You ain’t gonna like this

We sat in front of the doctor as he gave us the news. “You don’t need any more tests, you have ALS. I’m very sorry.” he said as he rose from his stool. “I’ll leave you now. If you have any questions, please contact my office.”
We’d been through half a dozen doctors. Visited three separate neurologists. And after over a year of searching we now had an answer as to why wife’s right hand was becoming a useless appendage. It wasn’t good news.
Do you want a successful life?
Have you planned for EVERY conceivable contingency? Because if you’ve missed one, that’s the one that will bite you in the ass.
I planned for every one I could imagine. Or so I thought. I carried a million dollar life insurance policy. On myself. Because I thought I’d die long before my wife. And she would need the resources to successfully raise our four children. But I never really considered that she might get sick and die first. And long before those kids were all grown up.
I put a lot of money away for retirement too. Because my wife couldn’t. And I figured she’d need that if she were going to have the time and resources to be a proper grandmother in her later years. Truly, I never even considered that I would be the only one to get a chance to be a grandparent.

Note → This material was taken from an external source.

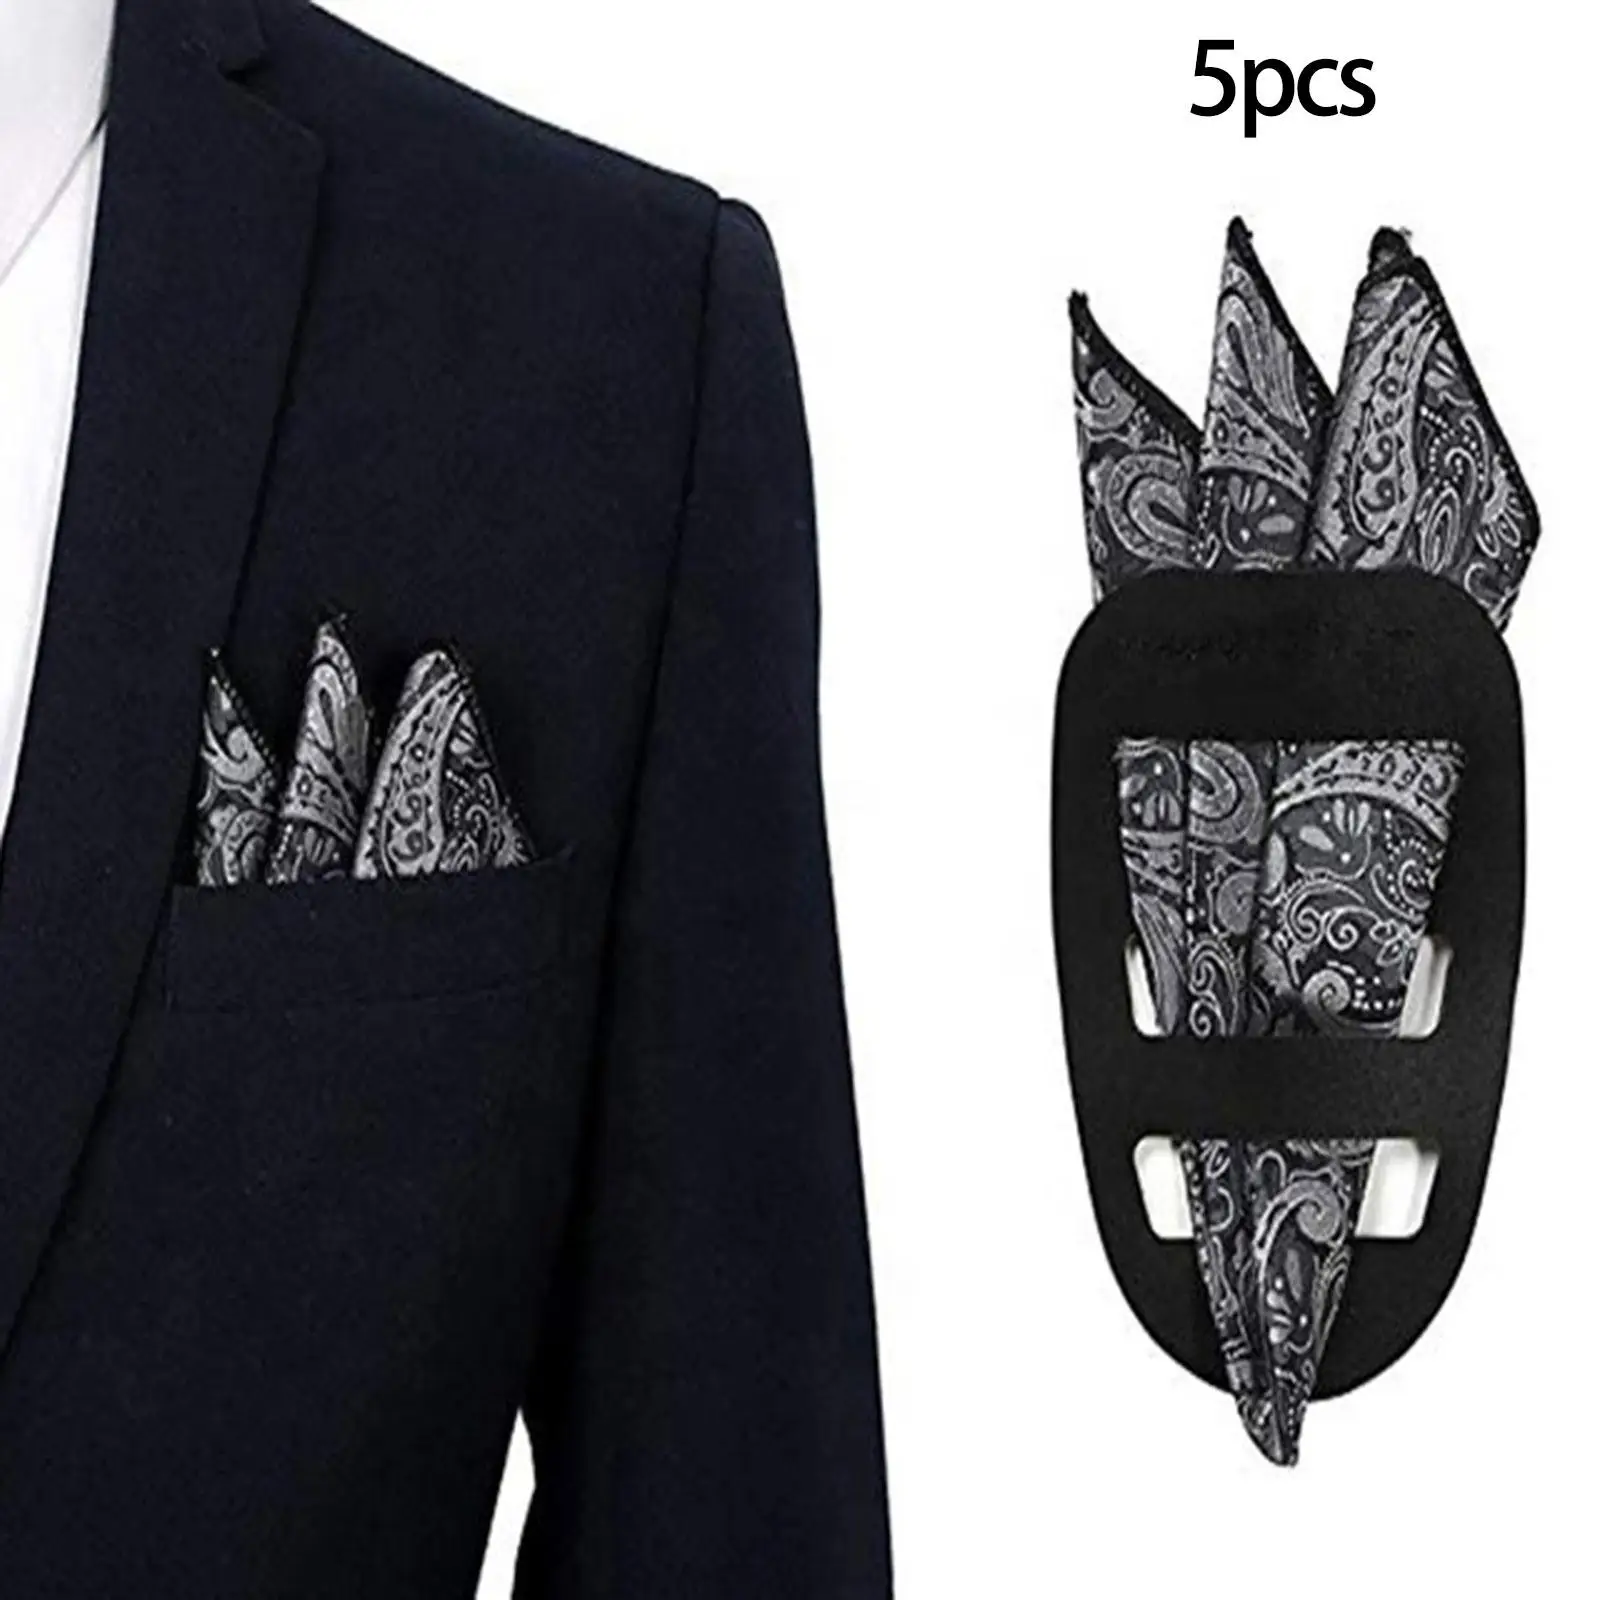 5 Pieces Pocket Square Holder Square Scarf Holder for Men’S suits Jackets

But here I am. Financially free after a lifetime of trying to make sure the people I love would have a chance when I was gone. And I AM successful. In most ways.
But I lost the one person who gave meaning to success in my life. And that’s something you can’t plan for, no matter how smart and capable you might be. Real success doesn’t come from anything you achieve in life. It comes from the people you love and the gift of love they give back. If you lose one of them, you have to start all over again. And you’ll be way poorer than any lack of money could ever make you.